Слова может произнести любой, но то, как это сделал Амир, не оставляло никаких сомнений в том, что он говорит правду. Ива повернулась, и, когда встретилась с ним глазами, ею овладело чувство, очень похожее на то, которое она совсем недавно испытала в машине, сидя рядом с Мэттом, впервые осознавая на себе одежду. Амир смотрел на неё так, словно это она сейчас завораживала всех на сцене, словно это её движения сводили мужчин с ума. Оба чувства были ей незнакомы; в чём-то похожие, они сильно отличались. Внезапно Ива поняла, что удав не съел кролика, а превратил его в женщину. И ей настолько это понравилось – ощущать себя влекущей и желанной, что она уже не могла сказать, что же будоражило сильнее, то волшебство, которое случилось в машине, или эта сладкая патока, которая растекалась в ней сейчас.
– А вот интересно, восточные мужчины танцуют со всеми своими женщинами одинаково или по-разному?
– По-разному, – признался Амир, изящно кивнув и улыбнувшись. – Но, как и у западных мужчин, всегда есть та, с которой танец получится особенным.
Ива и впрямь не была кисейной барышней. Но она пришла сюда не одна и для неё это кое-что значило.
А ещё Ива была прямолинейной:
– У меня уже есть кавалер, – сообщила она.

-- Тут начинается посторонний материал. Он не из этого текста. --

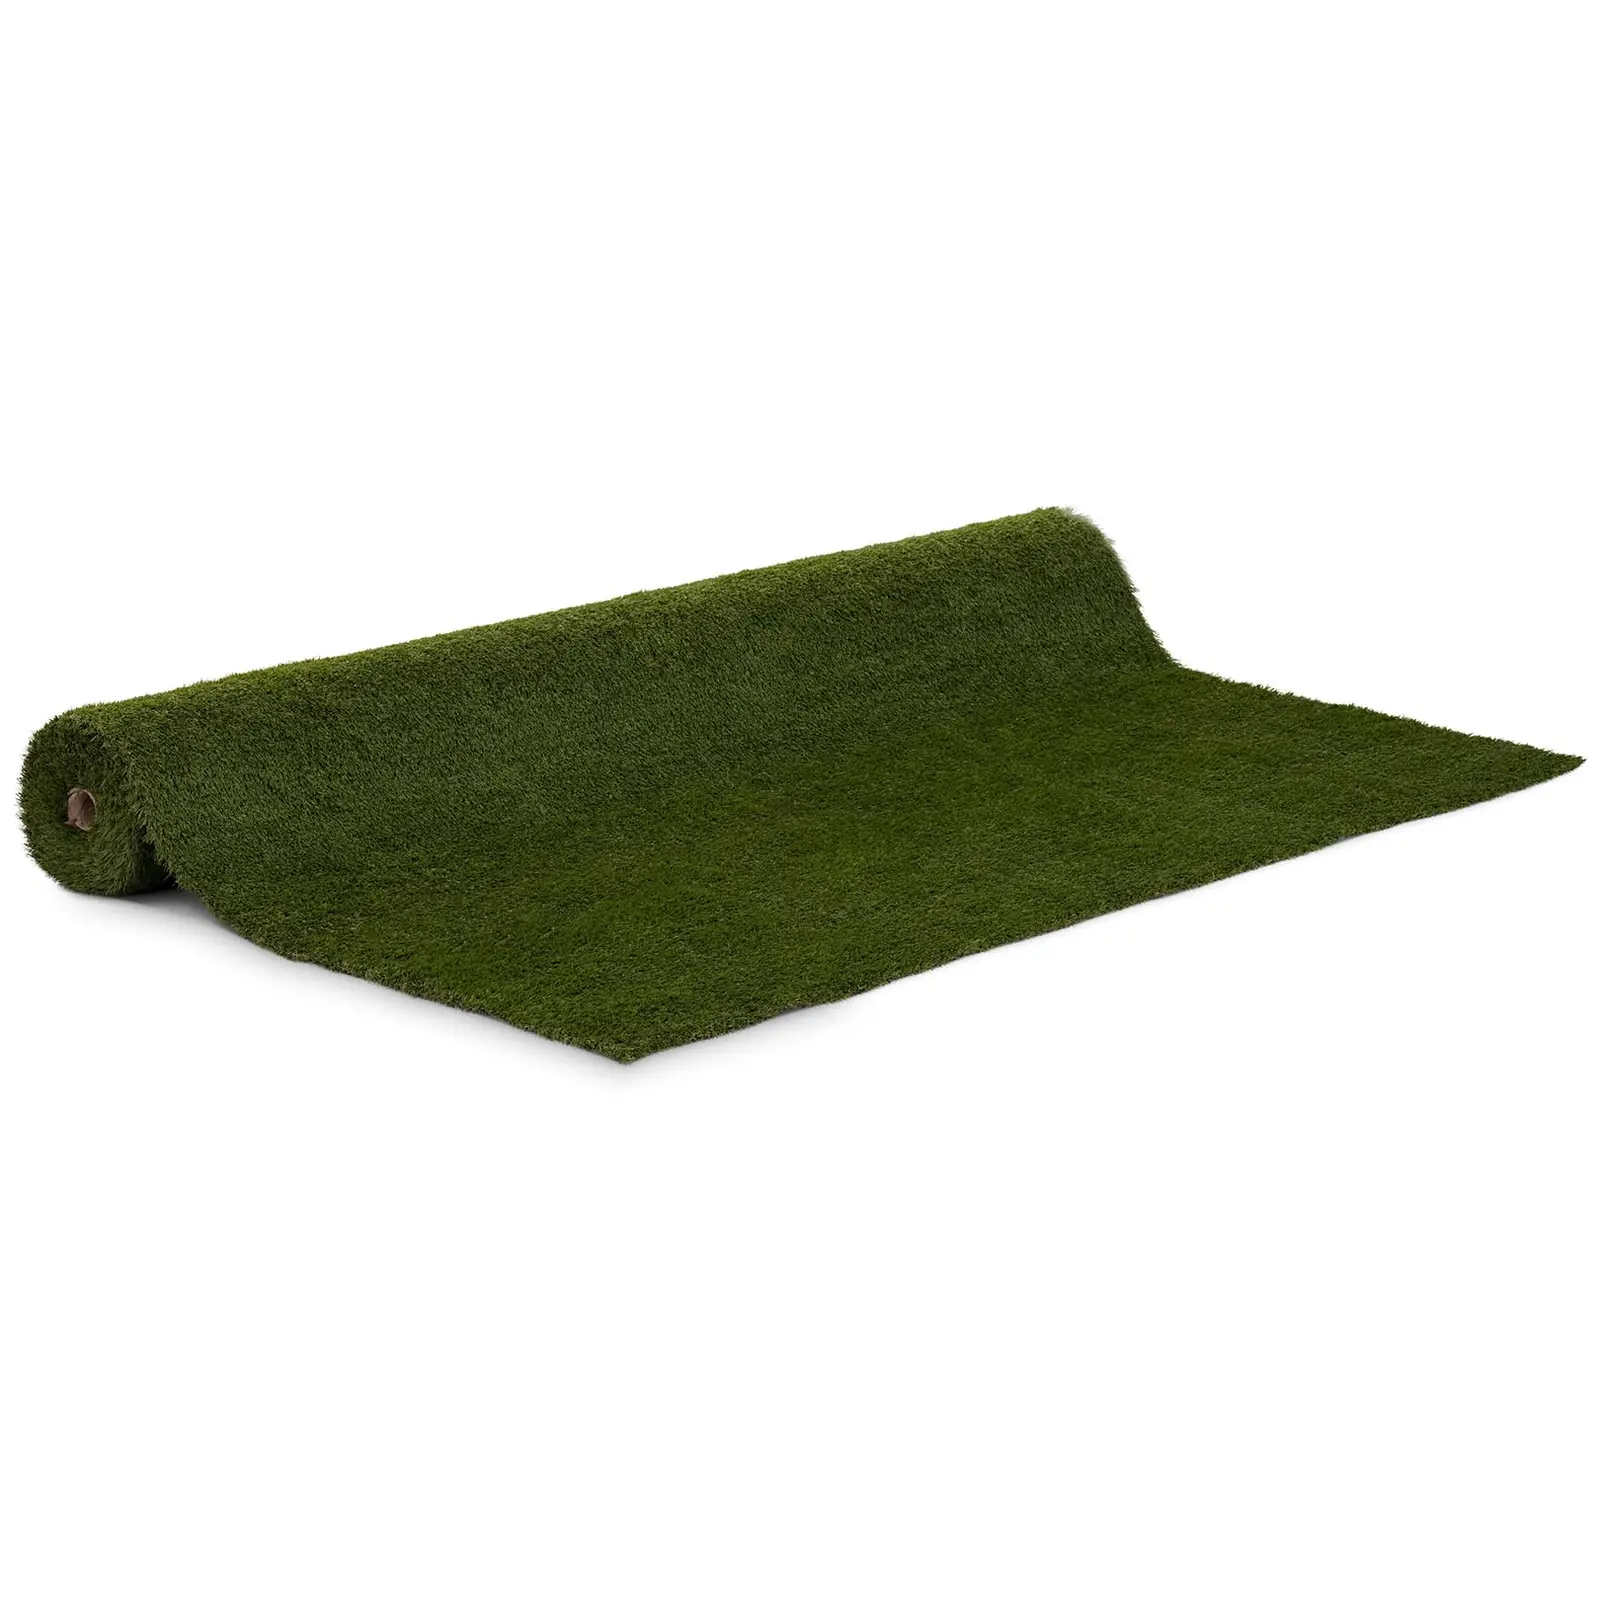 Umělý trávník - 507 x 200 cm - výška: 30 mm - hustota stehů: 20/10 cm - odolný proti UV záření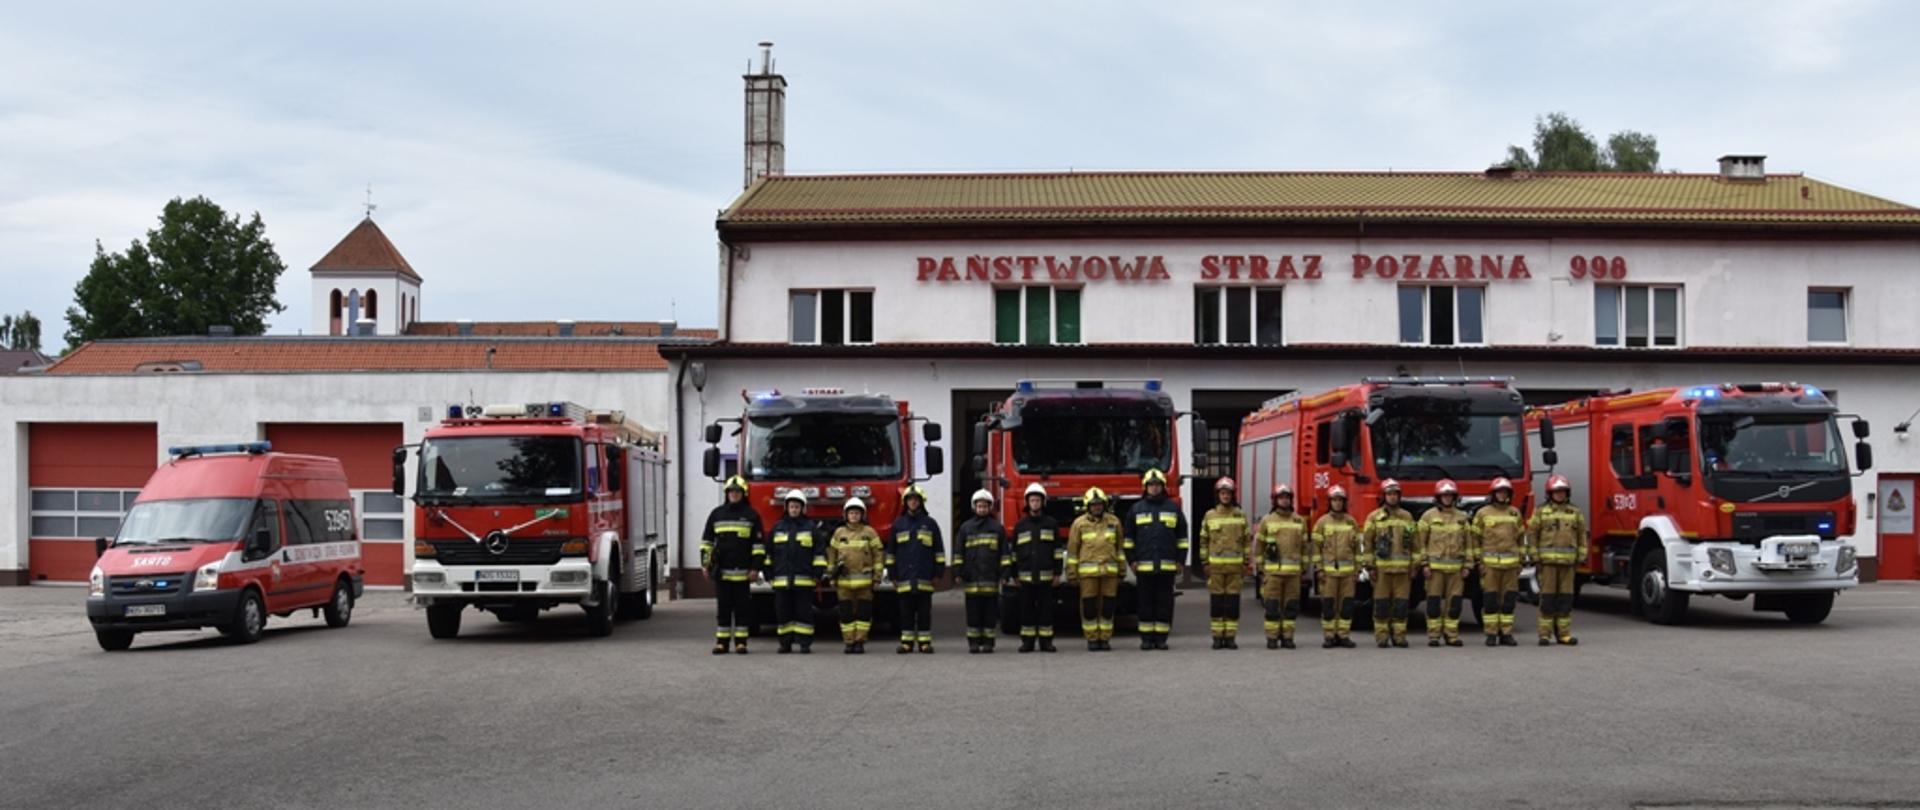 Strażacy stoją na zbiórce i przy dźwiękach alarmowych samochodów strażackich, oddają hołd poległym w Powstaniu Warszawskim.

– Вон тот? – Амир кивнул на сцену, не глядя.
Ива же взглянула, причём неосознанно. Мэтта и Софии на танцполе уже не было: они быстрым шагом направлялись в сторону туалетов, София практически бежала, а Мэтт будто гнался за ней, преследовал, как хищник.
Мэтт знал свою пряжку – Софи будет возиться, а его настроение к прелюдиям не располагало. Он раскрыл её сам, Софи нетерпеливо сделала всё остальное.
Отпечатки её красной помады на самом краешке его белой рубашки и на его коже заводили его так, что он начал стонать в голос, хотя Софи, похоже, разучилась делать то, что так хорошо умела раньше.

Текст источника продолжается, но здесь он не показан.